Firstly, he has wonderful parents! They have followed  my advice to wear shoes and avoid all activities that cause stretching of the Achilles tendon. Secondly,they have been surfing the Internet to find out more about the condition. They showed the youngster pictures and explained the reasons why he has to take it easy. This means that he understands that time spent recovering now will enable him to participate again when the condition settles. Thirdly, they have stopped all sport at school.

Fourthly and this is the best bit. His father tells me that he asked his son to rate the pain. If the pain was rated as a 10 when he saw the podiatrist what is the rating today? About 2 or 3 says the boy.

In our sports mad country its refreshing to get such team work going.

At this stage it is imposible to say how long healing  will take, but the initial response of the foot to simple rest and supportive footwear is encouraging. Rehabilitation will be very important; in the form of stretching very carefully, accompanied by orthotics or simple insoles.

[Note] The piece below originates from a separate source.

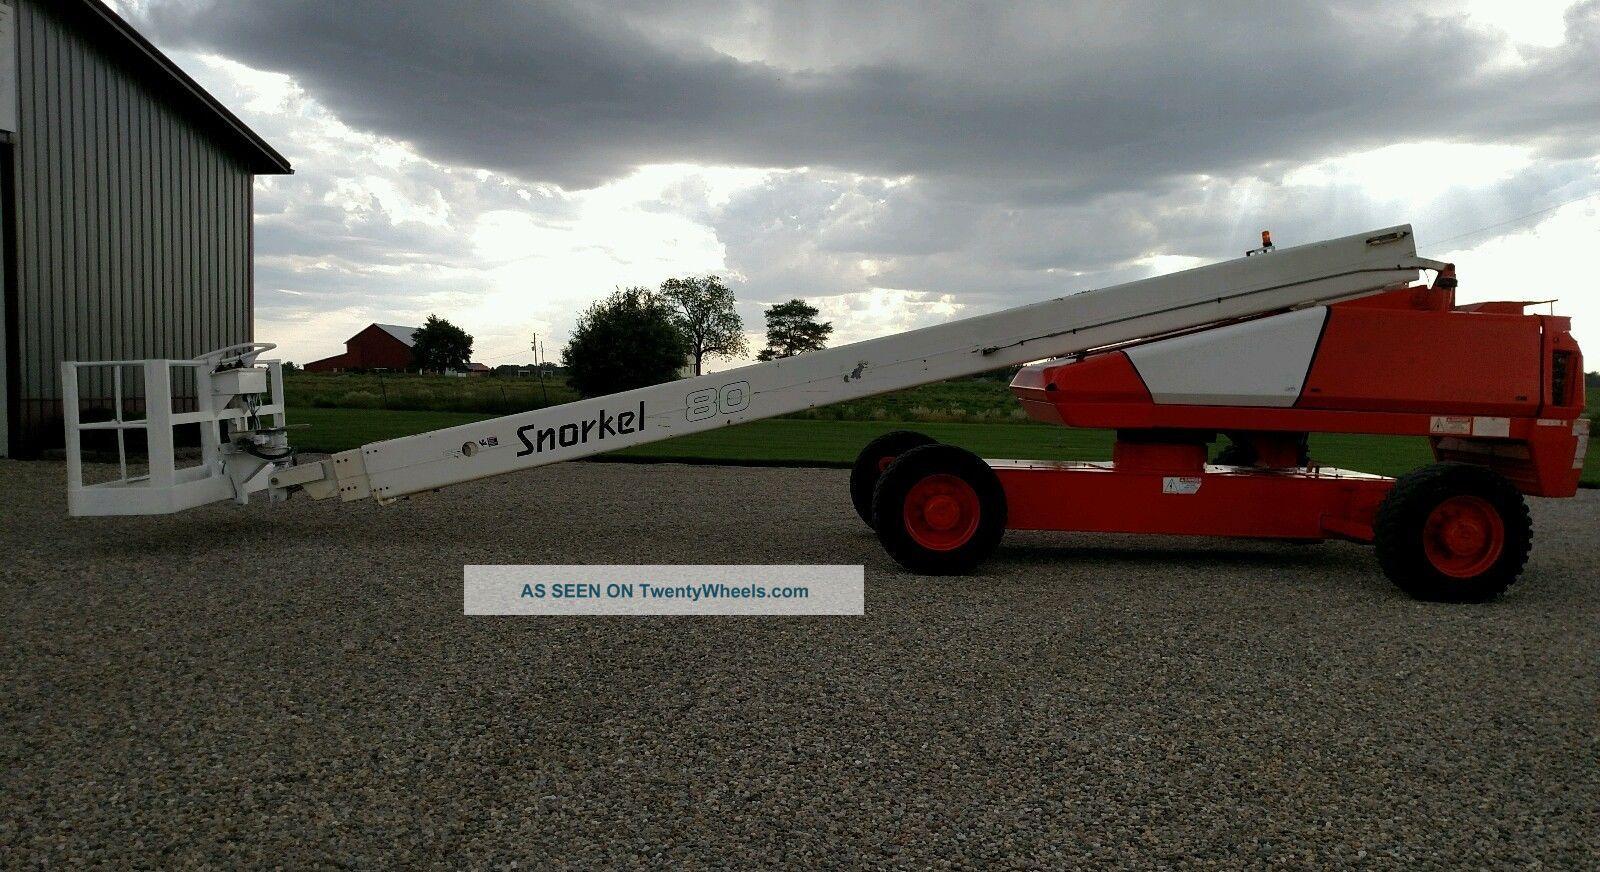 2007 Snorkel Tb80 Boom Man Lift 80 ' Aerial All Terrain Diesel 4x4 Scissor & Boom Lifts photo

Traction apophysitis does heal and all the better it seems with lots of TLC (Tender Loving Care).

Keep looking for the full case history – its nearly finished

P.S. Tune in to Talk Radio 702 17 February 19.00

A Sports Injury or Child Abuse?

How much sport is enough for a child? When does too much sport become abuse? Is an over-use injury at a young age, in the pursuit of excellence worth the possible long-term consequences? Consider this:

Last week, an 8 year old boy, barely able to walk, was brought to see me by his mother. He had a severe limp, walking with his foot out and his ankle stiff, to reduce the pain. Three days previously he had spent nearly 5 hours doing athletics at school. His mother told me that the initial pain began more than 6 months ago, after he had played a lot of rugby.

The school under 8 team had been very successful, winning their area age group, so had a long season. Then he moved up an age group to under 9 which extended the season further. Nevertheless he continued with all sports, despite the pain and the fact that he was not running as fast as before. A compounding factor is that athletics and rugby are both done barefoot.

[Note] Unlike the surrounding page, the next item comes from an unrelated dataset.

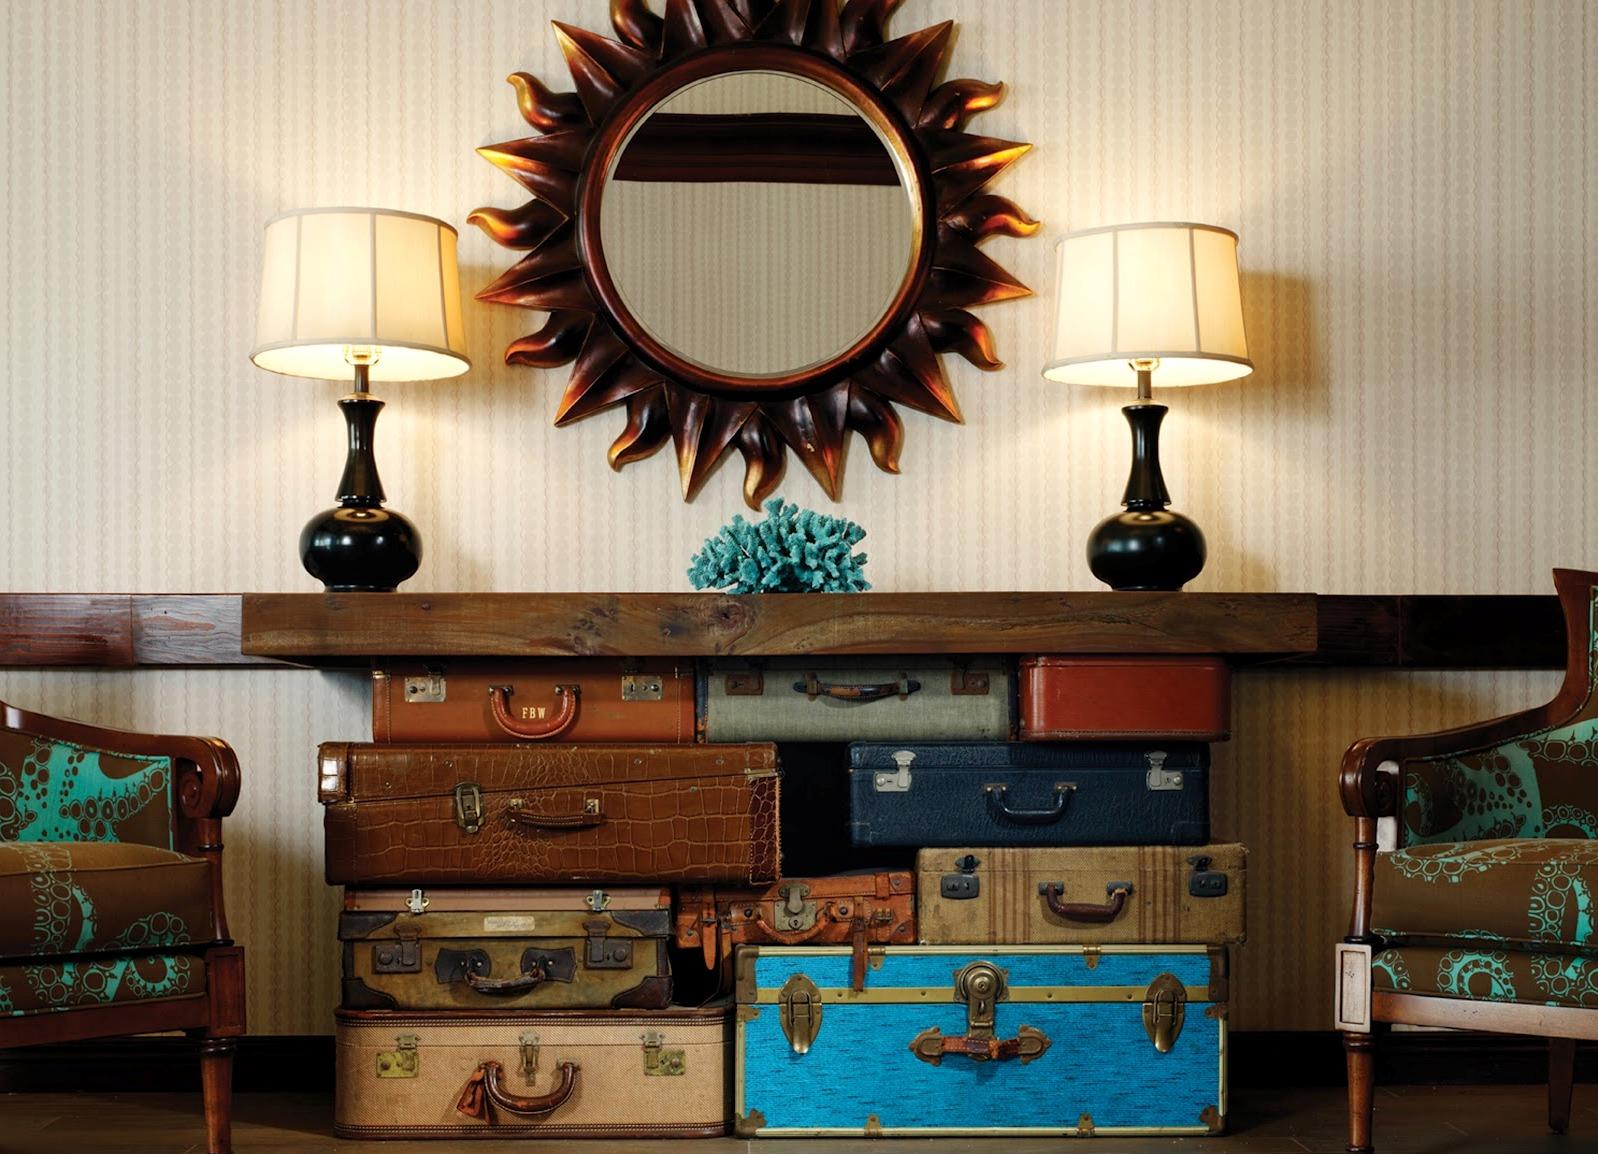 Лайфхаки для дома своими руками из ненужных вещей: 52 крутые идеи с фото

The timetable of sports reads like that of a professional adult, with daily practice depending on the sport and season, with inevitable overlap; plus the fact that the school plays some sports out of season as well.

  • Athletics: 1 hour a day, x 5 days, plus meetings
  • Cricket: 1 & half hours a day x 5 days, plus club games on Saturdays for a university club junior side
  • Rugby: 1 hour a day x 5 days, plus matches

The boy is obviously very good at his sports and according to his mother is always active at home whilst playing. However, this timetable with an injury would cripple most adults.

So what’s the point? How far must we/should we push or allow our children in pursuit of sporting excellence? We try to teach balance in most aspects of life, sleep, study, money etc., but when it comes to sport we seem to make up the rules as we go along.

After requesting X-rays of both feet and discussing them and my diagnosis with two different medical colleagues, it was agreed that the cause of the pain is damage to the growing part of the back of the heel bone, where the Achilles tendon inserts. Clinically called a Traction Apophysitis.

The initial treatment is rest and avoiding any vigorous activity that causes the Achilles tendon to pull on the heel bone. Raising the heel or possibly orthotics may help.

So ask yourself the question – is this youngster suffering an over-use injury or child abuse or both?

A full Case History will be posted during this week.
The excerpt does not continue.